According to a study in JAMA Internal Medicine, 58% of physicians said time spent on documentation limits the amount of time they can spend with patients.
Inspired by the Hippocratic oath, the code of ethics to “do no harm,” Hippocractic.ai has created an LLM solution that focuses on nondiagnostic healthcare tasks such as medication onboarding and monthly reconciliation, hospital and payer policy questions, plus electronic health record (EHR) assistance. The goal of Hippocratic AI’s solution is to reduce healthcare system costs and to help solve nursing, social worker and nutritionist staffing shortages.
Abridge is a generative AI platform that transcribes and summarizes medical conversations in real-time for patients, providers and payers. Abridge is fully integrated into Epic, a healthcare software company that develops electronic medical record software for hospitals and large practices, and has the potential to save clinicians over 70 hours per month in documentation.
The Mayo Clinic has been a pioneer in the use of AI technology. It receives over 2 billion visitors to its website annually, and it has deployed generative AI-based enterprise search to improve information sharing about everything from understanding symptoms to explaining drugs and treatments.
Data Is the Key to Verticalization
We are still in the early innings of vertical AI specialization. Vertical AI can solve mission-critical, vertical-specific workflows that drive customer stickiness and optimize business operations.

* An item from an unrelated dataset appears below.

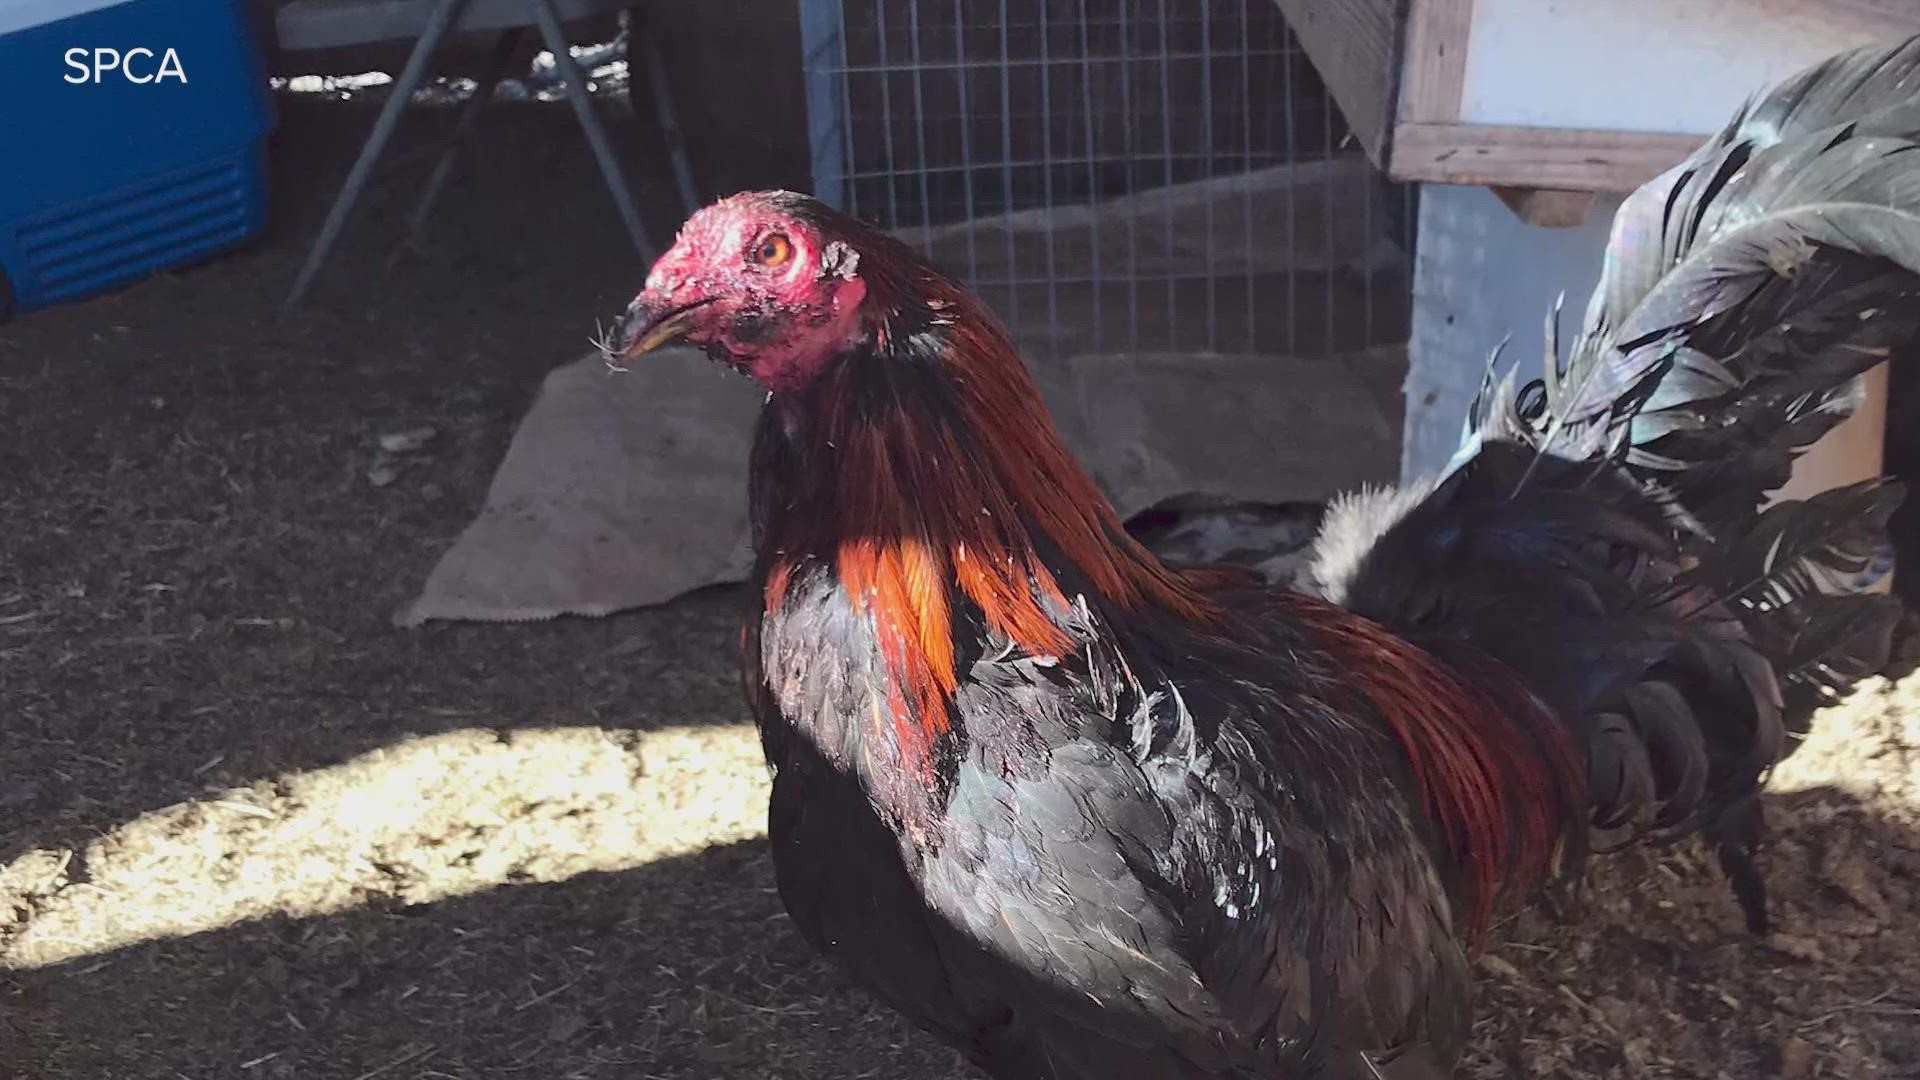 According to the SPCA of Texas, the organization took custody of 123 roosters, eight hens and two deceased roosters.

Vertical AI companies that have access to proprietary industry data for training specialized large language models and create applications with pre-built workflows and functional modules will be the winners. This will require data that contains subject matter expertise to provide relevant and contextual solutions to problems, emphasizing the importance of incorporating human expertise into the dataset.
Vertical AI solutions will be the key to accelerating AI adoption in the future.